Уже на ранних этапах капитализма власть и деньги стали сопоставимыми величинами. Любое количество денег свободно могло конвертироваться в определенное количество власти. Это что касается классического капитализма. Сейчас во власть может уже превратиться что угодно: раса, национальность, возраст (молодость прежде всего), внешность (красота, разумеется), пол, элементарные знания, технические навыки, ловкость, глупость, страх. Носить человеческую кожу – желтую, белую или черную – это тоже значит участвовать в играх власти! Элементарная логика власти: позовем черных в шоу-бизнес – и тем самым приручим их, интегрируем в «общество спектакля». Дадим палестинцам игрушечную, смехотворную автономию – и тем самым нейтрализуем их революционное движение. Впустим во всех и во все бациллы власти, дадим каждому маленькую, но хищную власть – и дело сделано, властные отношения работают, институции чадят, государство коптит. Таковы нелицемерные намерения власть имущих и всех, кто этому не противостоит. Так дадим же по ушам власти незамедлительно!
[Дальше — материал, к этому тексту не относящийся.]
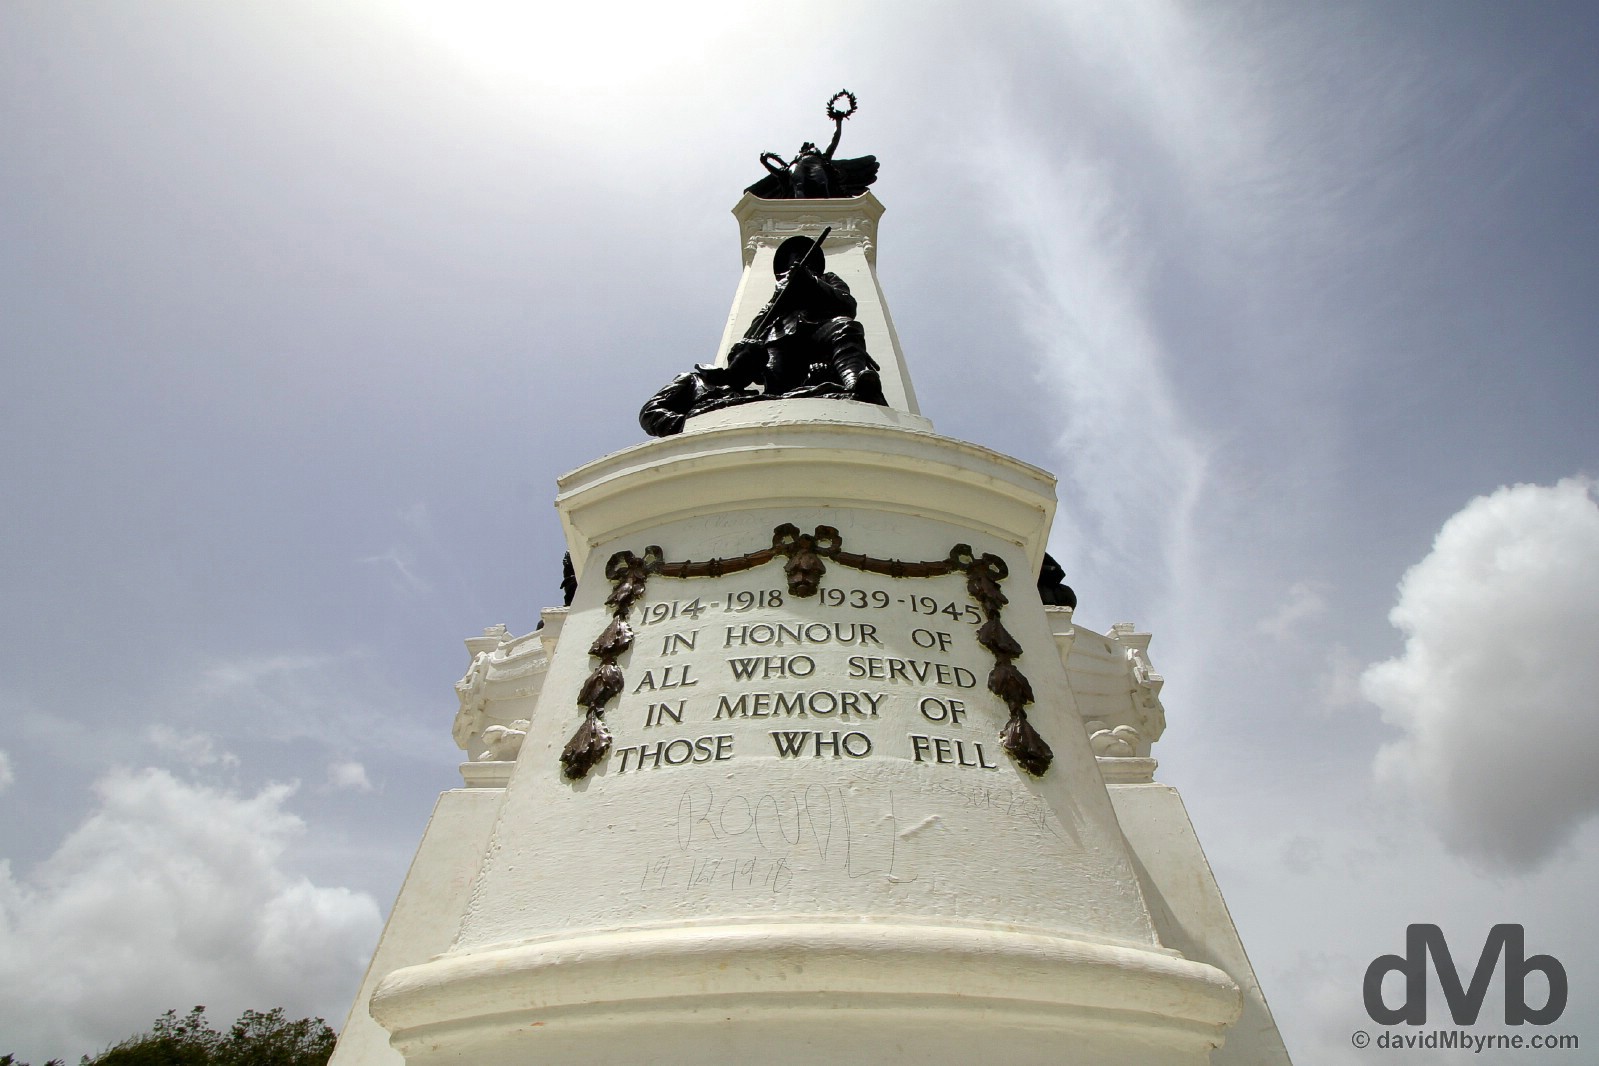 Memorial Park, Port of Spain, Trinidad & Tobago. June 17, 2015.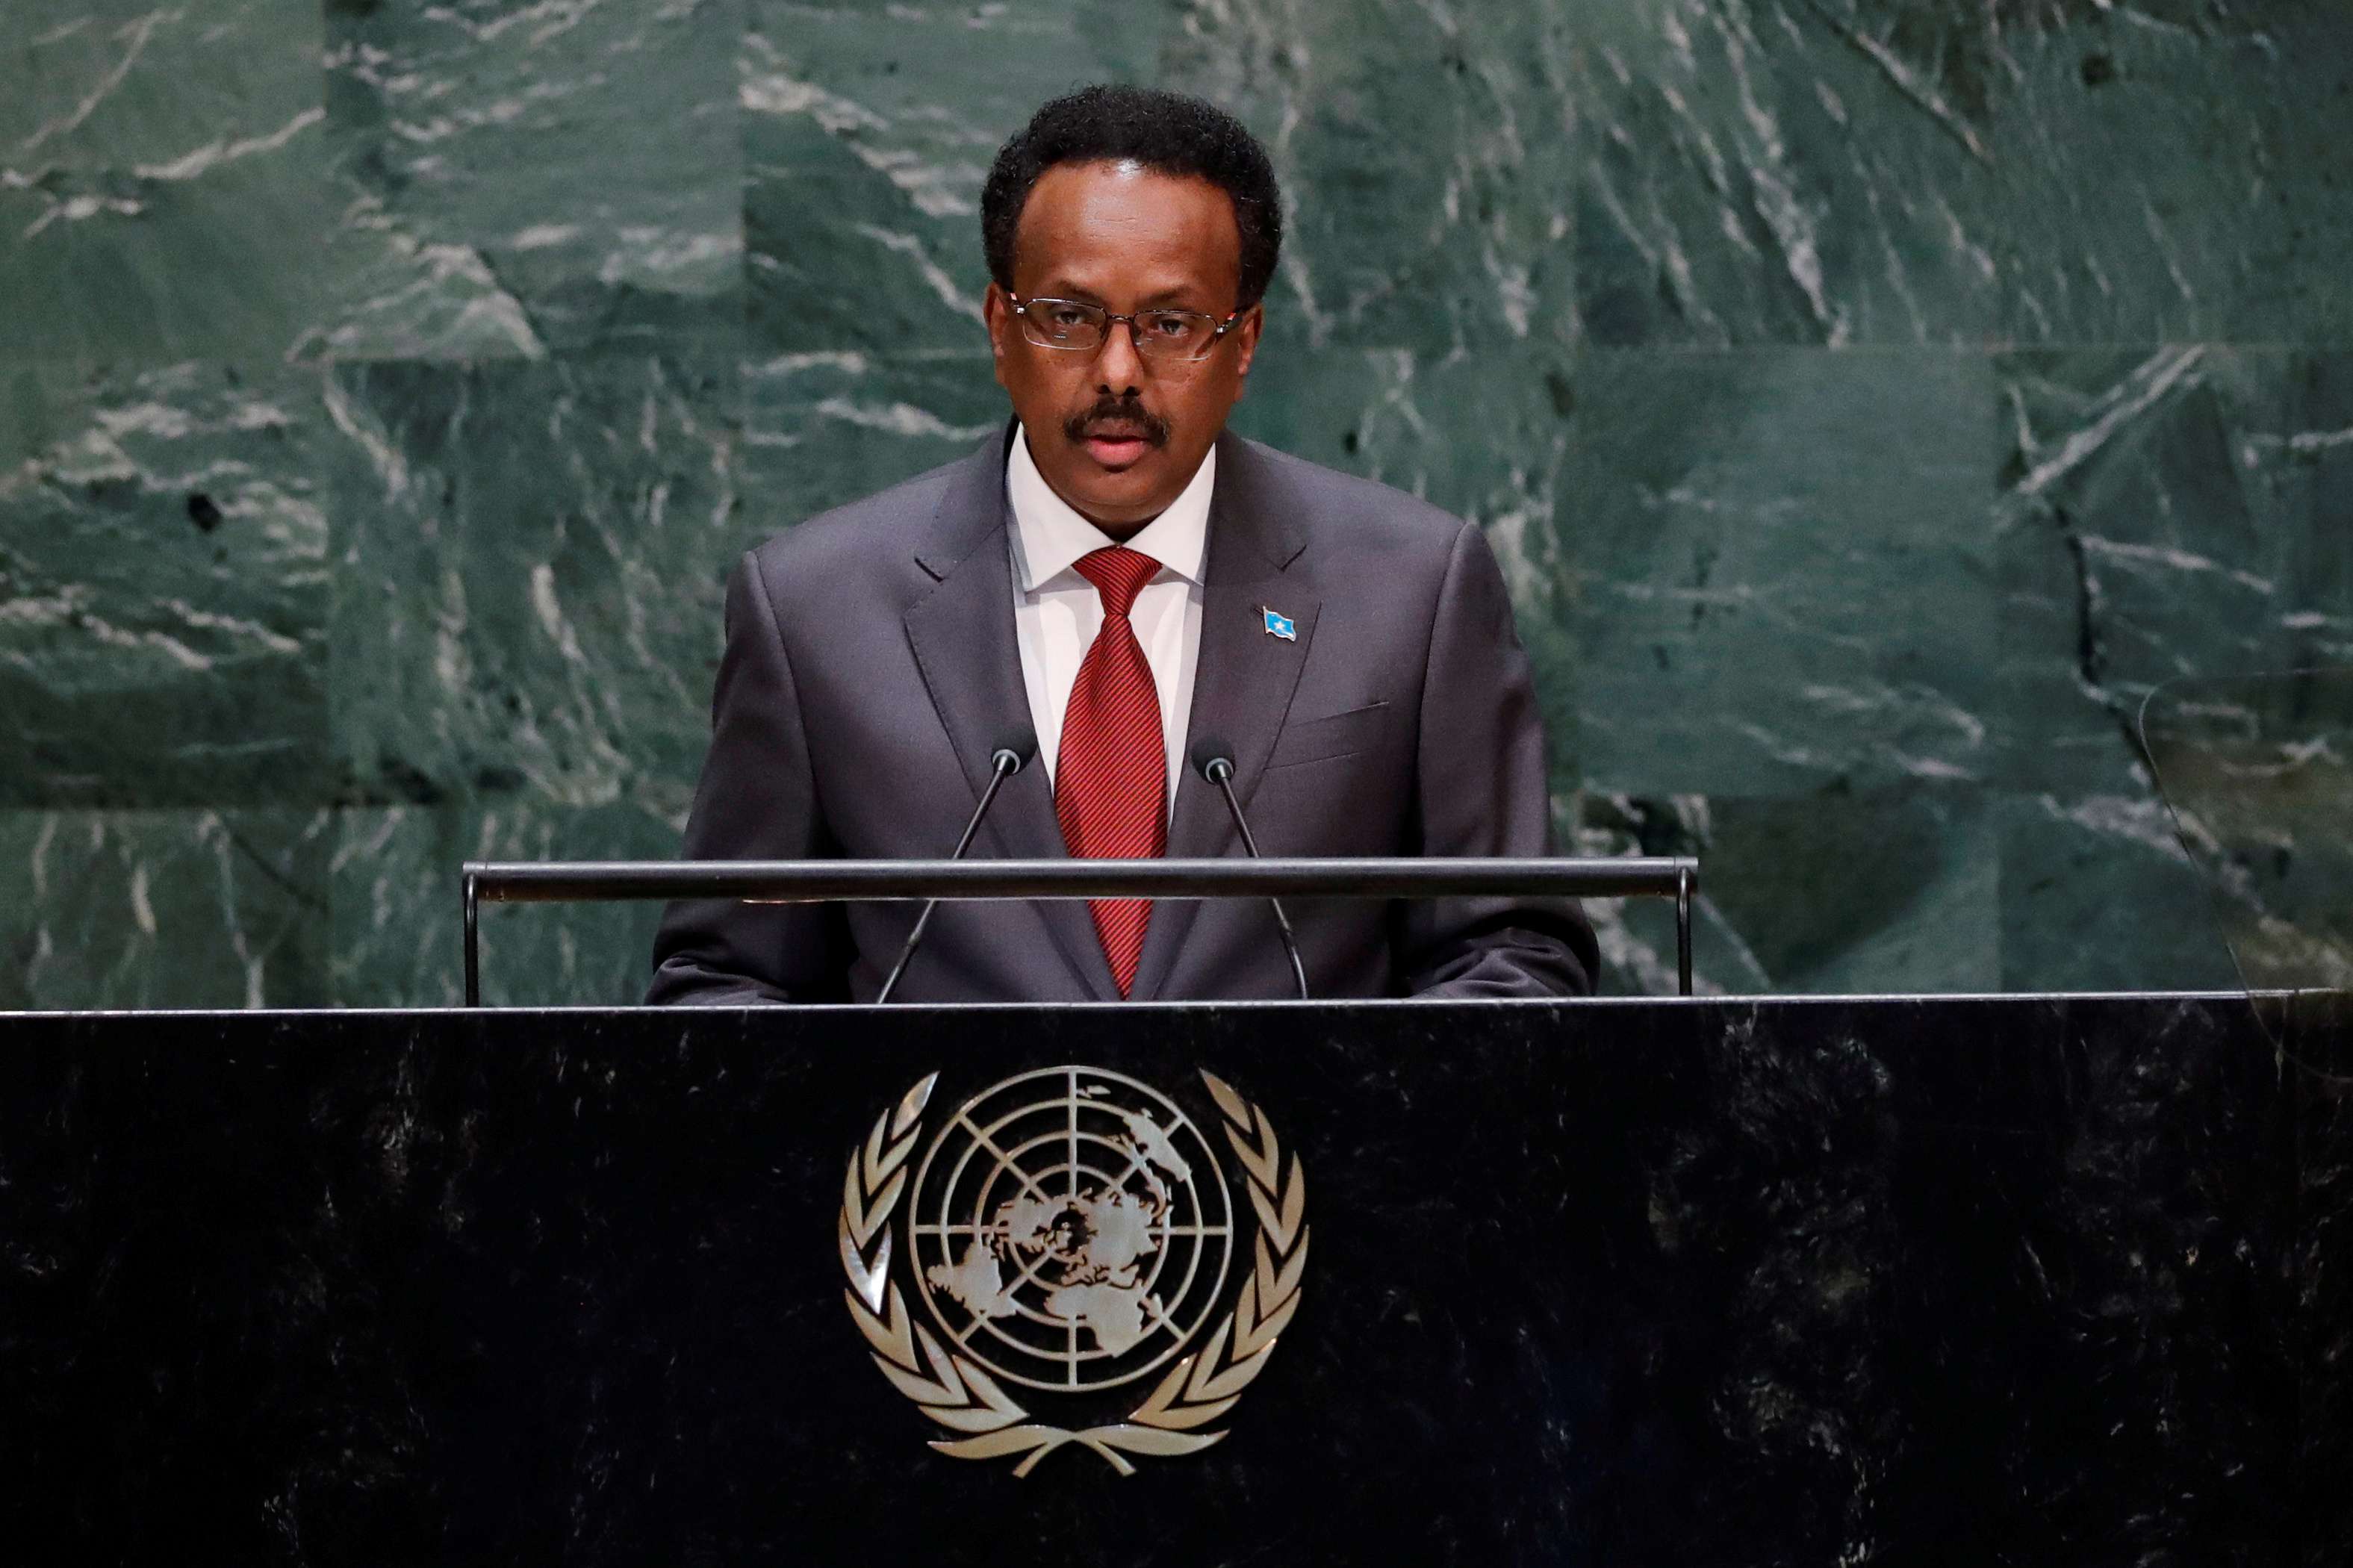  الرئيس الصومالي محمد عبد الله محمد

11. Технологии сопротивления: быть Антоненом Арто
Посвящается моей левой ягодице
Как показывает нам теория, власть практикует многочисленные системы подавления, среди которых одной из главнейших является, несомненно, нормализация.
Нормализация означает, в частности, конвенциализацию тех или иных политических, социальных и артистических практик. По закону конвенциализации, дискурсы и их носители неизменно вставляются в освященные традициями рамки и ниши, интерпретируются в институциональных нормативных терминах. Институции – академическая, авангардистская или, например, «contemporary art» – принимают на себя узаконивающие функции, процедуры бюрократической власти, иногда одобряющей, иногда порицающей, иногда вносящей в «черные списки», а иногда – в «похвальные листы». Разумеется, сами институции и выдвигаемые ими требования и нормы меняются со временем, подчас даже радикально трансформируются, но регламентирующие функции неизменно воспроизводятся.
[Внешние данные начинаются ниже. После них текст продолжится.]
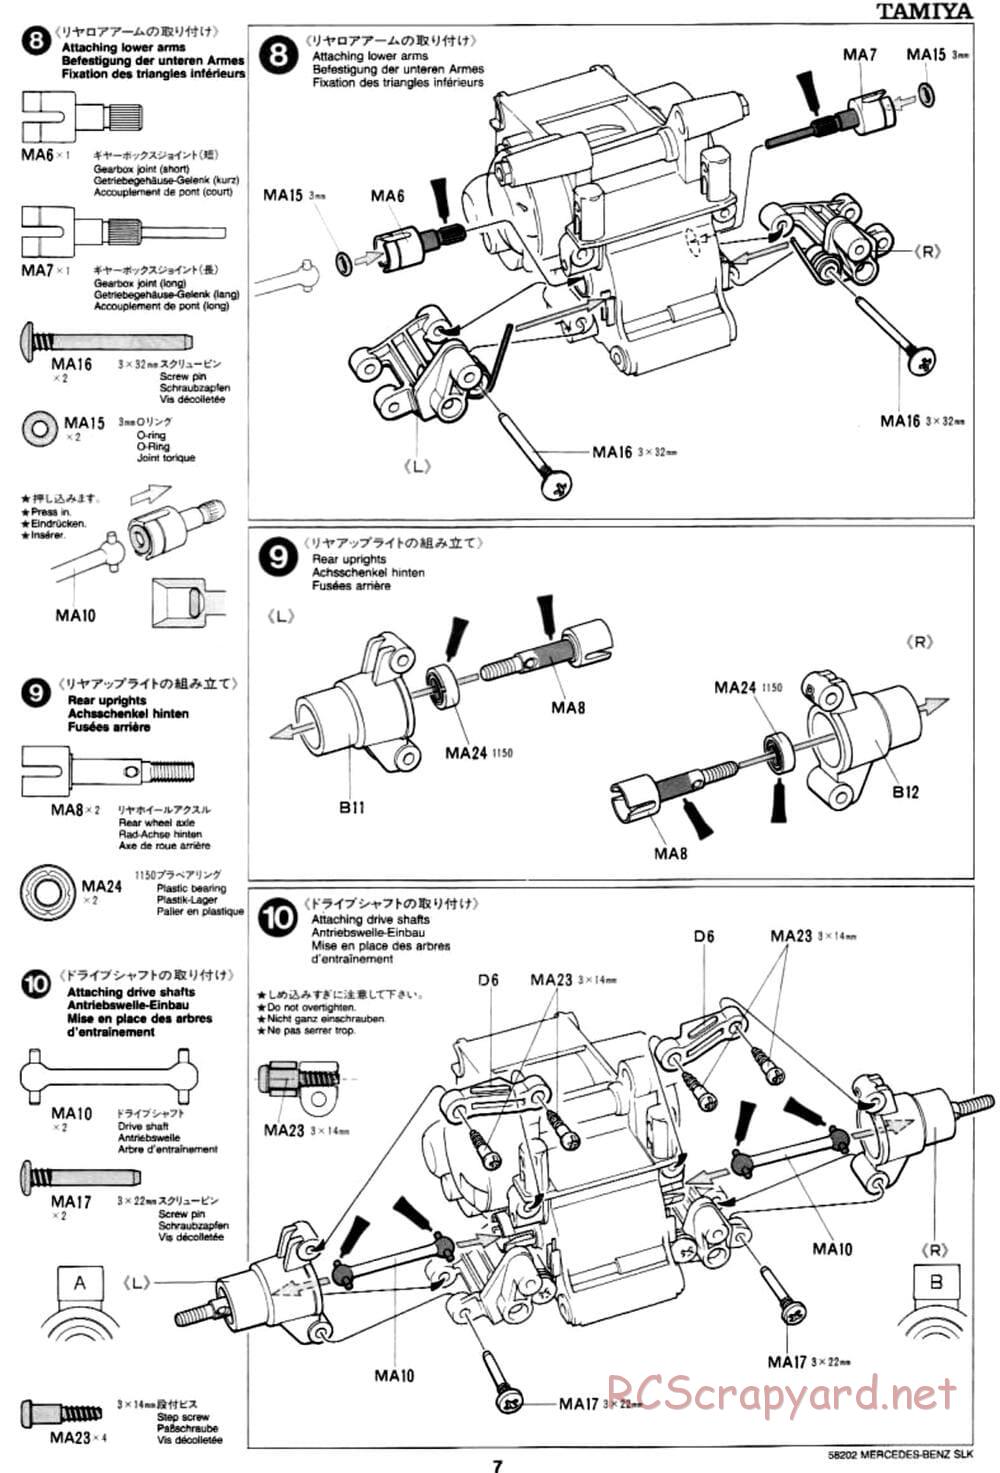 Tamiya - Mercedes-Benz SLK - M02L Chassis - Manual - Page 7

Основные требования, предъявляемые институциями к индивидууму, касаются его профессиональной компетенции, его политической благонадежности и его морального соответствия принятым нормам. Социальная группа, к которой принадлежит индивидуум, призвана удостоверять его идентичность и корректировать ее. Если индивидуум сопротивляется этим коллективным усилиям, он может стать нежелательным элементом. Тогда социальная группа перестает коллаборировать с ним.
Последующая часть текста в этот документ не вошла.